Transportation Industry

Squeezing more life from rails: TTCI, aided by AAR, studies ways to extend rail life and finds that North American railroads are doing well - Ttci R&D

Railway Track and Structures, April, 2003 by Kevin Sawley

Wear is the main cause of rail removal on freight railroads in North America (Figure 1). That is why engineers at Transportation Technology Center, Inc., are looking for ways to "squeeze more life from rails." Increasing the life of rails in track decreases railroad capital and maintenance costs.

Reductions in wear can be gained by the use of harder rail steels, by improved lubrication and by the adoption of trucks with improved steering performance. Most railroads are already pursuing one or more of these avenues. TTCI's project, funded by the Association of American Railroads, is focused on determining worldwide wear limit practices on freight railroads and how these practices influence live stresses in the rail, which will allow railroads to quickly and easily benchmark themselves against worldwide practices.

Railroads are highly-capital-intensive and one of the largest capital costs they bear is the cost of rail. As an example, North American freight railroads have more than 40 million tons of rail in-stalled in track and purchase upwards of 600,000 tons annually.

How much rail wear that is allowed can be highly railroad-specific, depending among other things on tie spacing, track condition, age, section and grade of rail, speeds and axle loads. Non-technical factors include the regulatory environment, railroad policy on rail defects and relative capital/labor costs. In track with significant numbers of joints, allowable rail wear can depend on joint-bar design and whether or not wheel flanges strike the bars.

Railroad survey

A six-page survey was sent to more than 80 railroads, known to carry only or mainly freight traffic, asking for information on rail-wear limits by track class, methods used to measure wear, rail sections and grades, tie types and spacings, rail defects and traffic information. Replies, most giving appreciable information, were received from 27 railroads, including North and South America, Western and Eastern Europe, Australia and Central Asia.

The survey provided useful general information, indicating that railroads around the world have common track problems and appear to be converging on common practices. For example:

* More than 85 percent of railroads use head-hardened rail as well as standard rail.

* 136-pound rail is the most common weight used, followed by 115-pound.

* Although one very-heavy-axle-load railroad uses head-hardened rail in all track, most railroads use the rail only in curves above a given limit. The most common limit is three-degree curves. As a rule of thumb, conventional three-piece trucks should start to contact the high-rail gauge face when the curve reaches approximately three degrees.

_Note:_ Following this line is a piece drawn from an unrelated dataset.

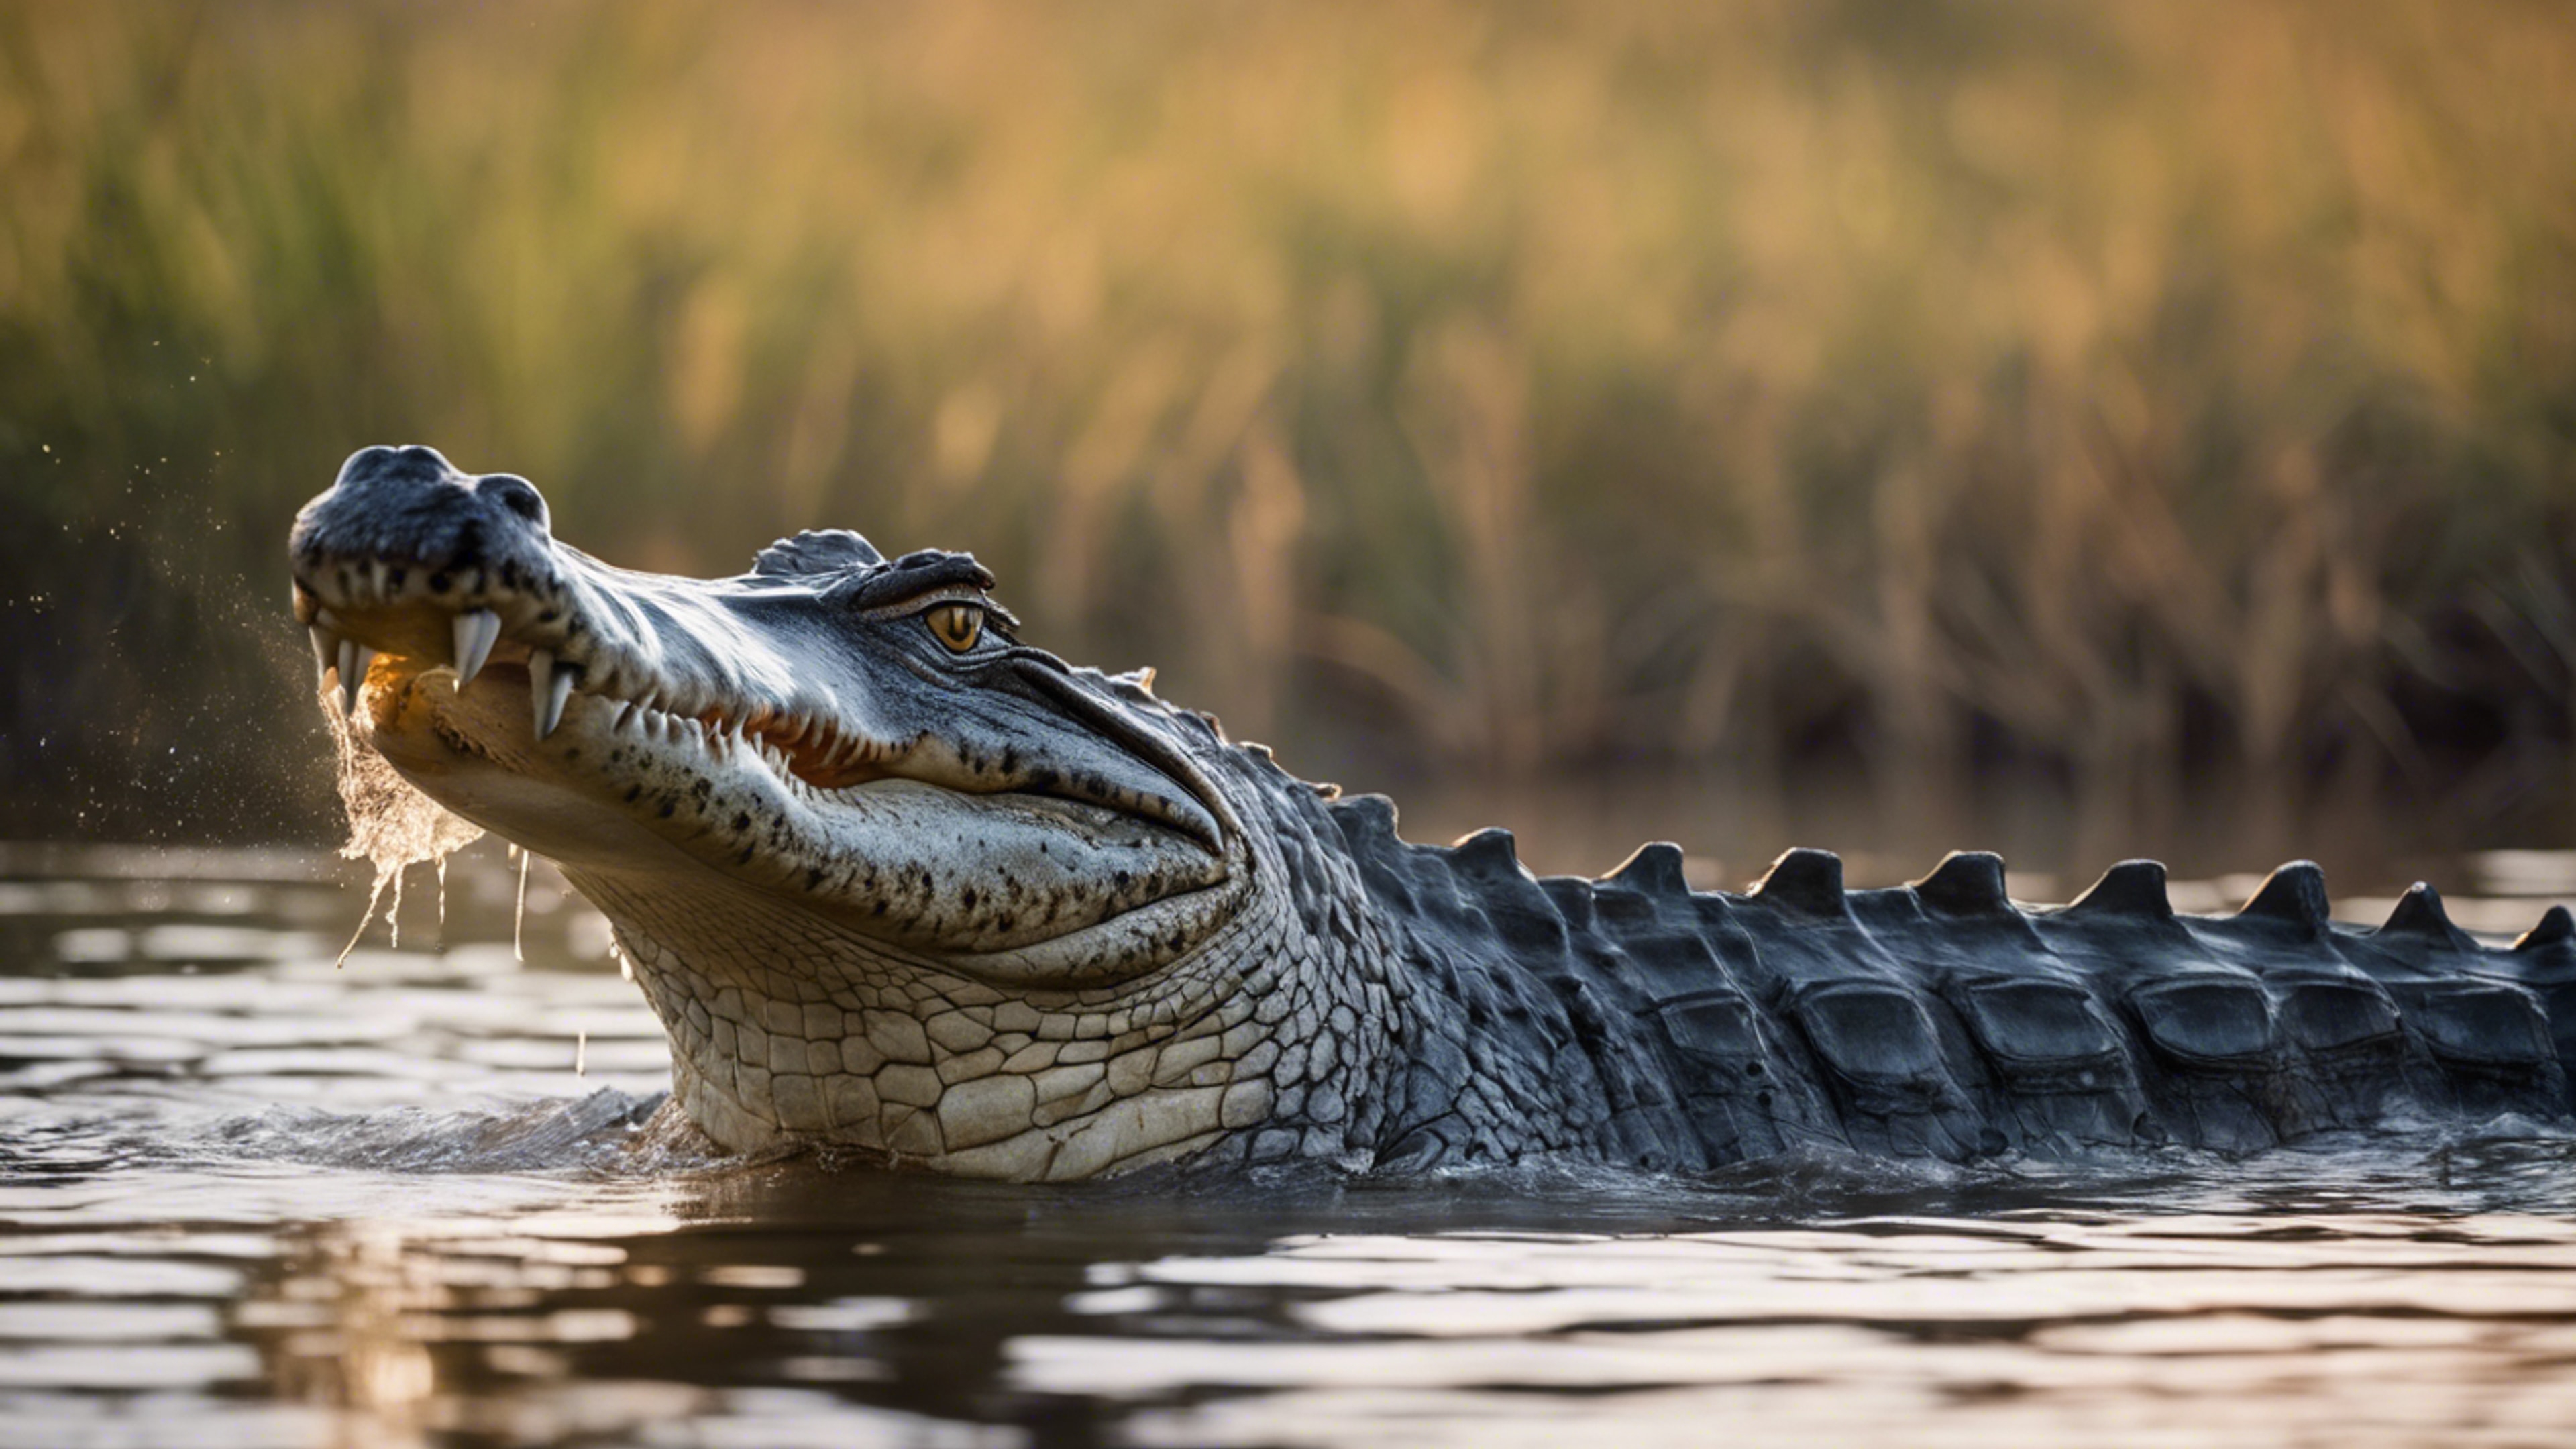 A glorious scene of a crocodile in the heart of the Okavango Delta. Sfondo[926204686e5b483ca4a6]
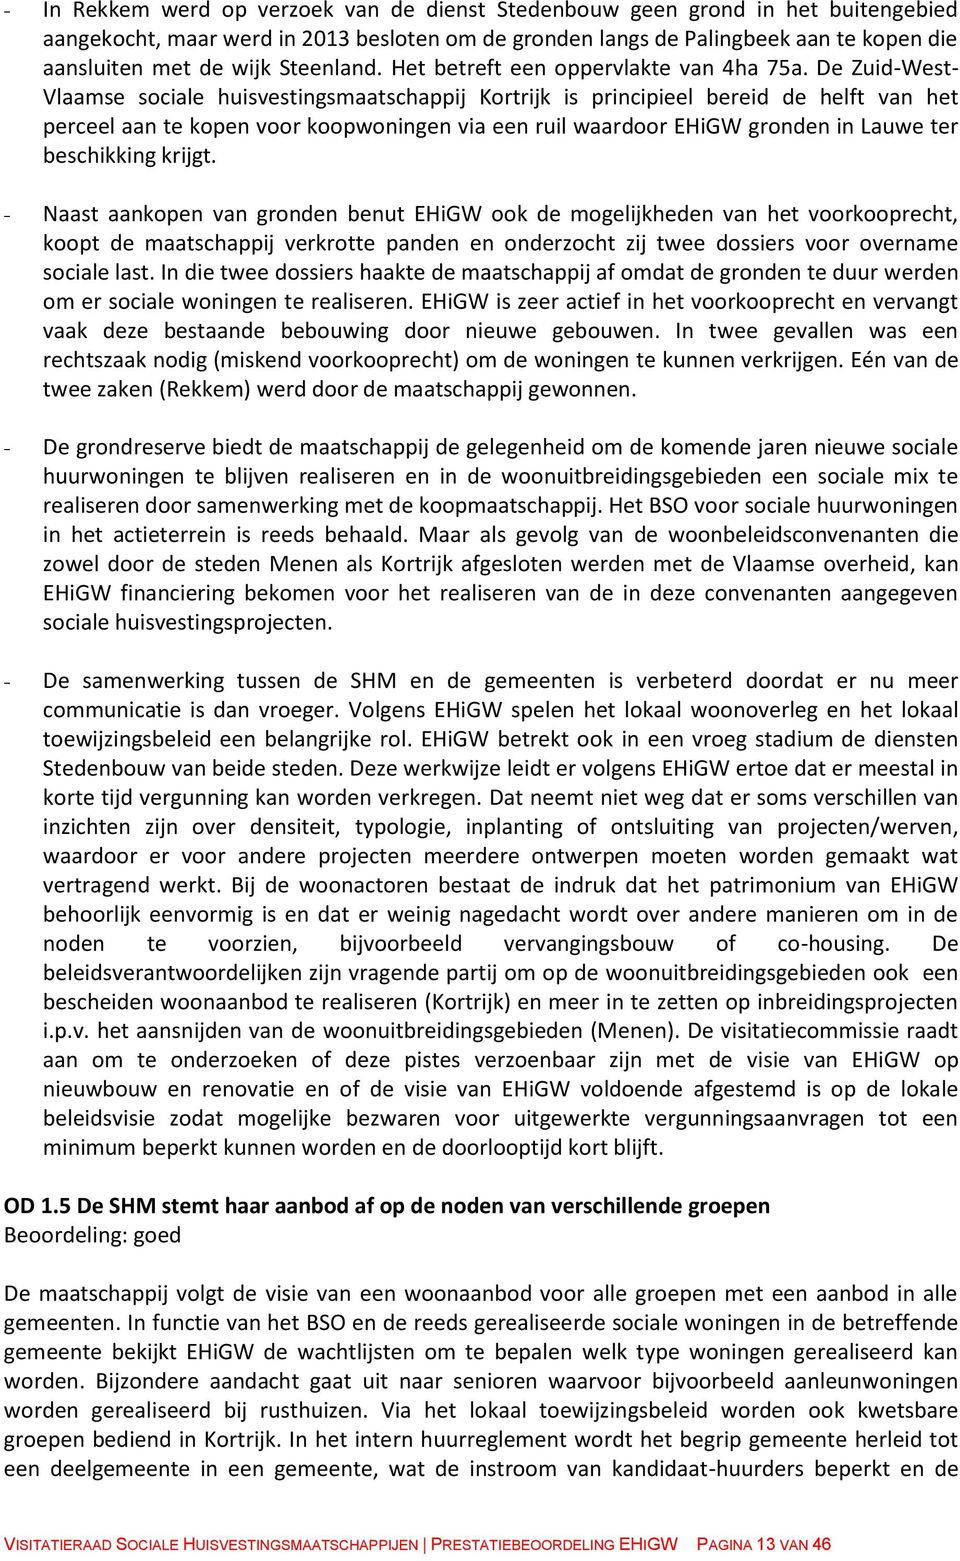 De Zuid-West- Vlaamse sociale huisvestingsmaatschappij Kortrijk is principieel bereid de helft van het perceel aan te kopen voor koopwoningen via een ruil waardoor EHiGW gronden in Lauwe ter

* 86 percent use vertical head loss or a combination of head and side loss to quantify wear, whereas 14 percent use loss of head cross-section.

* 78 percent of railroads use automatic rail-wear measurements.

* The criterion for when to re-rail because of rail defects varied only between two and four defects per mile per year.

In the survey, railroads were asked to rank their main rail-defect types. Figure 2 summarizes the replies. After transverse defects, the most common defects are vertical split heads, field welds (alumino-thermic), plant welds (flash butt), horizontal split heads and bolt-hole defects. (Figures 3a & b show some defects found in rail.)

Stresses allowed in rails

There are many types of stress in rails, including bending, contact, residual and thermal stresses. Of these, bending stresses are probably the most significant in terms of defective and broken rails. The other types of stress change very little with wear and are also difficult to determine by the survey. Contact stresses depend on wheel and rail profile shapes. Residual stresses depend mainly on rail manufacturing technique and thermal stress varies with ambient temperature through the year. Hence, survey results were analyzed to determine the level of bending stress allowed in the rails by the different wear limits.

Nominal rail-bending stresses, as used in this study, can be calculated using a simple model, called the "Winkler" model, which assumes the rail is supported on a continuous elastic foundation. The modulus of foundation (load per unit length of rail needed to produce a unit foundation deflection, k) depends, among other things, on ballast condition and tie type and spacing. Smaller tie spacings increase k, while larger ones decrease it. Using this model, the maximum bending moment ([M.sub.max]) and the maximum nominal bending stress ([[sigma].sub.B]) are related to the wheel load (P) by:

[[sigma].sub.B] = [M.sub.max]y/I = Py/4I 4[square root of (4EI/k)]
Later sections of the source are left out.